Wed Jun 24 03:25:26 EDT 2009

On 23/06/09 20:28, Markus GRASS wrote:
> Paolo Cavallini wrote:
>> Markus GRASS ha scritto:
>>   
>>> What to do now? Leave it all in memory as in grass6, build in memory
>>> then write out (risk of running out of memory on massive datasets), or
>>> keep it always in file? I'll not commit any time soon (also waiting for
>>> the lib/raster commotion to settle down), I need feedback on how to
>>> proceed or if I should forget about it.
>>>     
>> I think advice from Radim would be very useful here.
>> All the best.
>>   
> OK, let me rephrase.
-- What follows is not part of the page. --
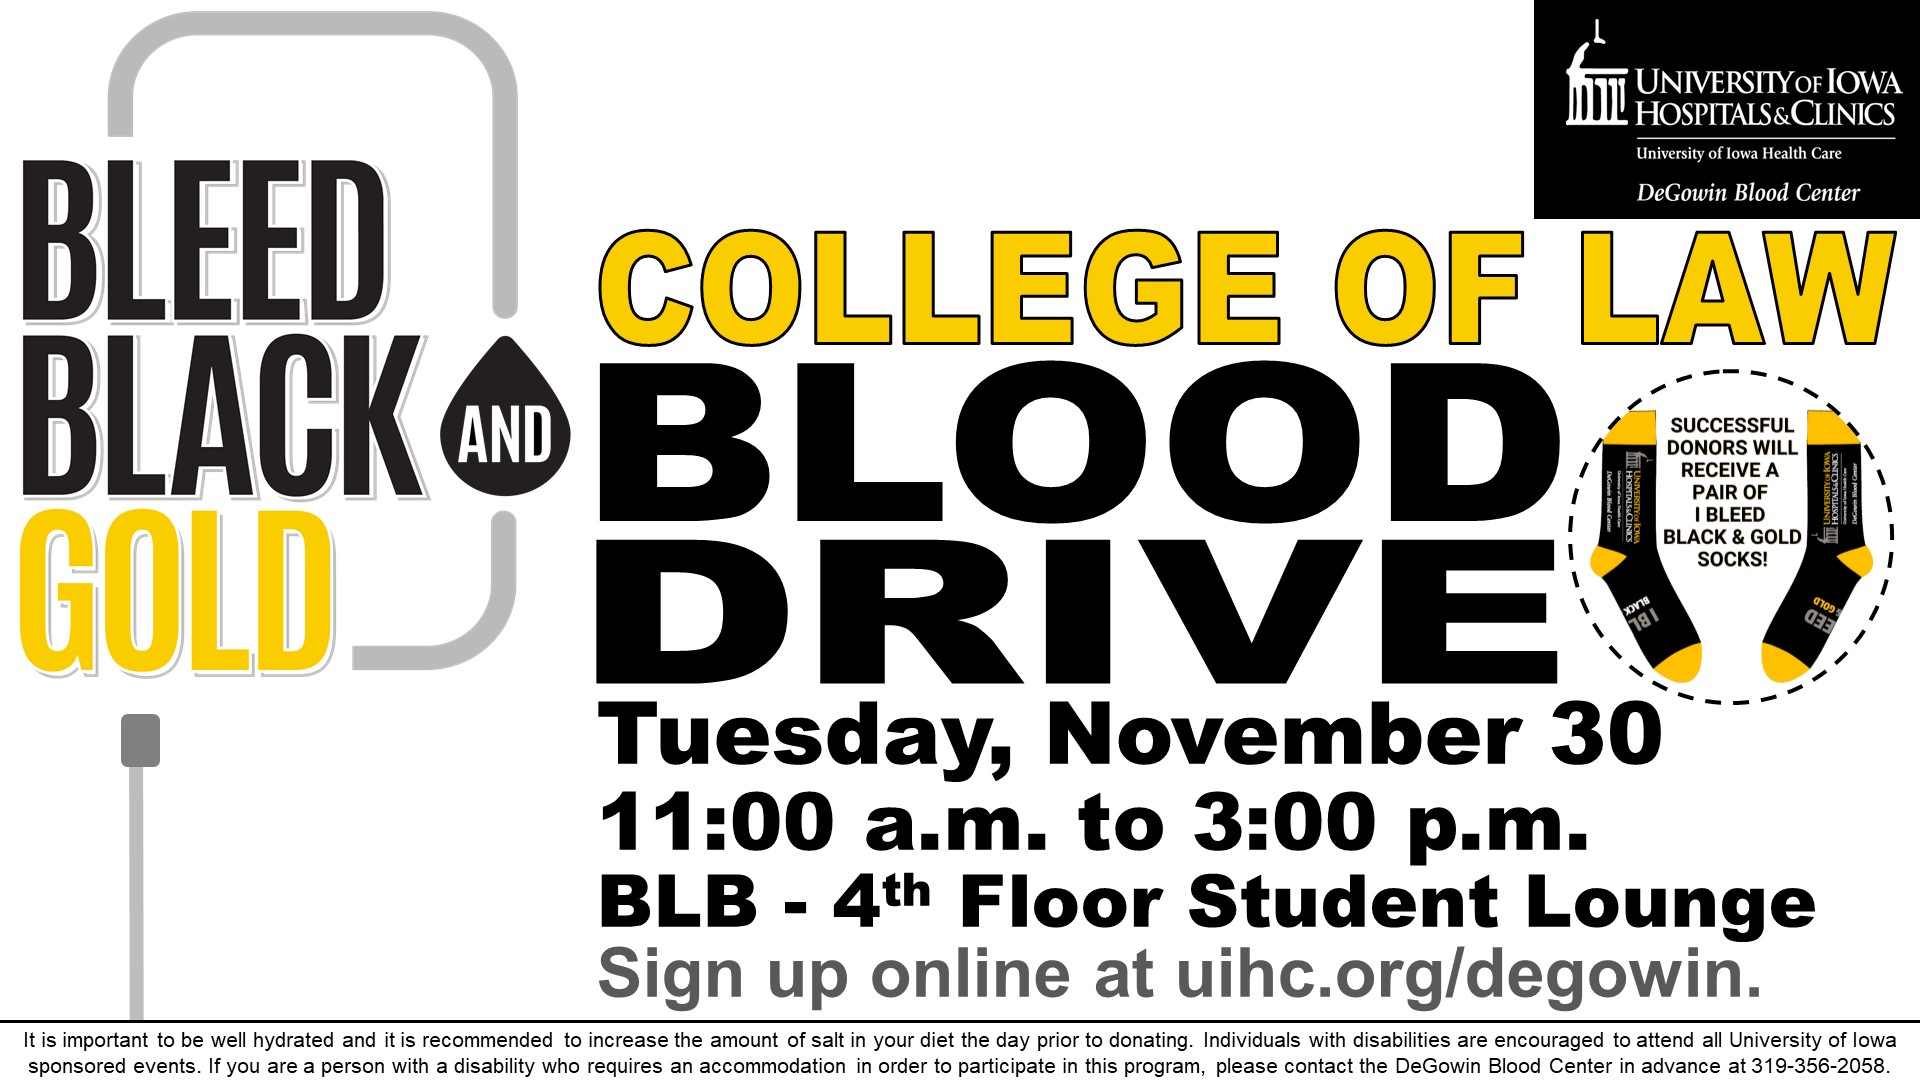    College of Law Blood Drive    Tuesday, November 30    11:00 a.m. to 3:00 p.m.    BLB - 4th Floor Student Lounge    Sign up online at uihc.org/degowin.
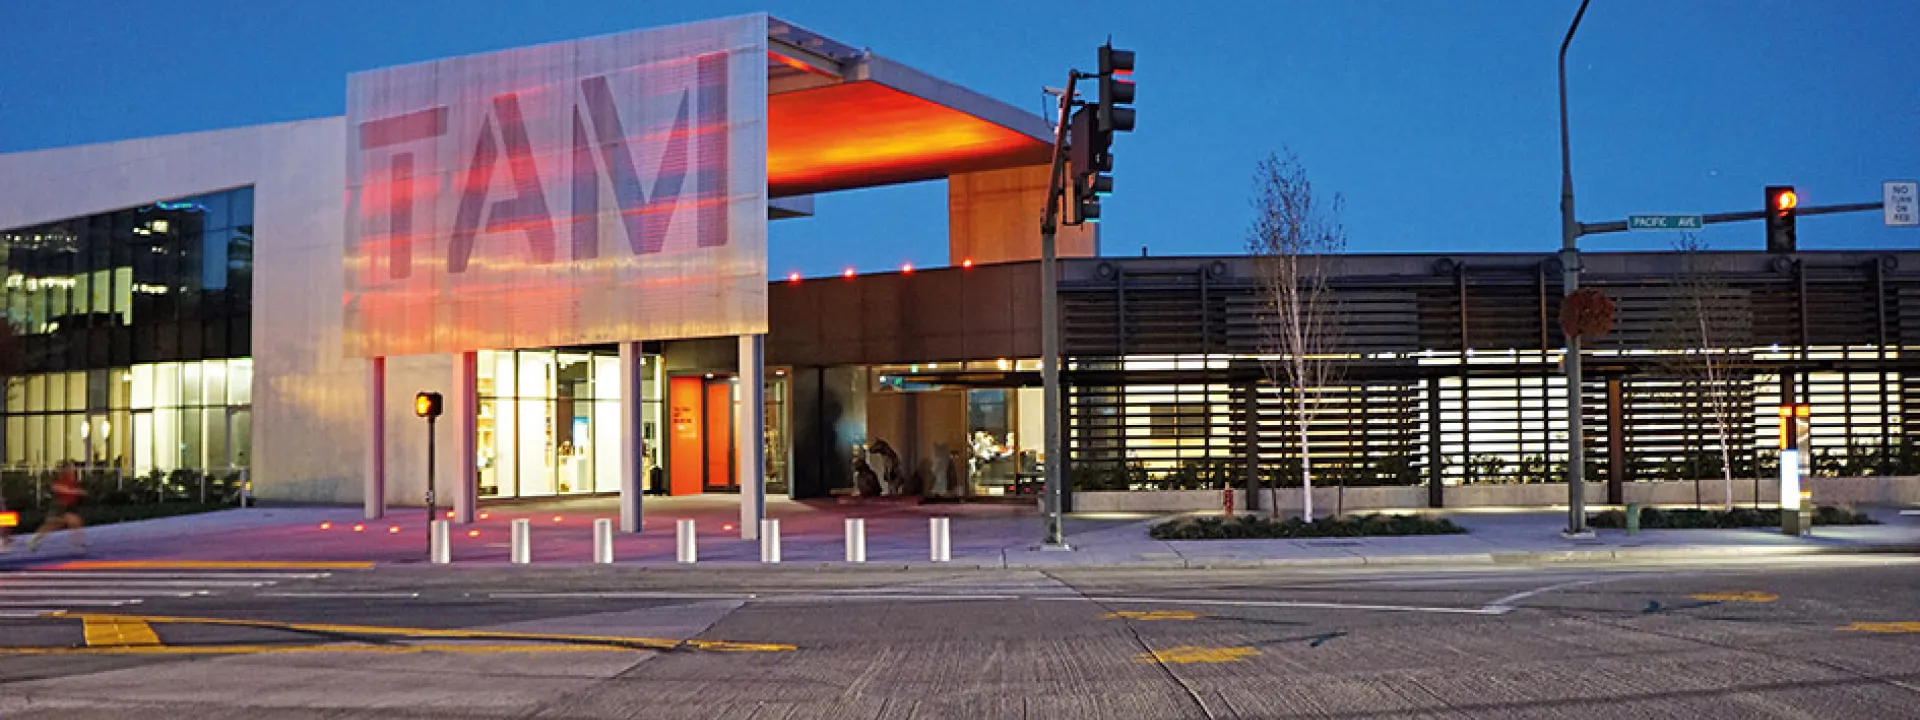 Courtesy of Tacoma Art Museum; Say “I do” to the modern TAM building in Tacoma

I think I have two alternatives to the current
> implementation of the vector spatial index and would like to know if
> grass7 should get 1) faster vector display and lower memory consumption
> at the cost of (sometimes) slower vector processing [1], 2) faster
> vector display, a similar speed in vector processing but keep the risk
> of running out of memory when processing large datasets, or 3) no
> changes to the spatial index. IMHO this should be a general decision of
> the GRASS community, not of one or two developers.

What size of vector data are we talking about concerning the risk of 
running out of memory ? Would it be possible to implement both 1) and 2) 
with 2) being the default and a flag to switch to 1) for very large 
vectors ?

You wrote:
> Considering that a file based spatial index is only useful for massive
> vectors where memory can become a limiting factor, I hesitate to commit
> to trunk.

Well, I don't know what you call massive, but one of the main problems 
with the memory based index is that currently the spatial index is 
rebuilt for each run of v.what as it is stored no where. This makes 
querying large (e.g. 20-30.000 polygons) _very_ slow when using the GUI 
(which will be the only option in grass7 as xmons have disappeared).

I'm not sure I understand everything correctly here, but I have the 
feeling that there are two questions here:

1) Should we have a file-based storage of the spatial index ? This can 
then be read into memory when necessary, which still should be faster 
than rebuilding it each time.

To this I clearly say +1.
The question here is: how to make sure the index is up to date ?

2) Should the entire treatment of the index be file-based, i.e. the 
index is never read into memory, but always accessed via file, with the 
speed penalties you spoke about.

To this I would say, if we can have a file-based, permanent storage of 
the index, but read into memory for treatment, unless a flag says not to 
load it into memory, than this would probably be the ideal, within my 
limited understanding of the issue.

Moritz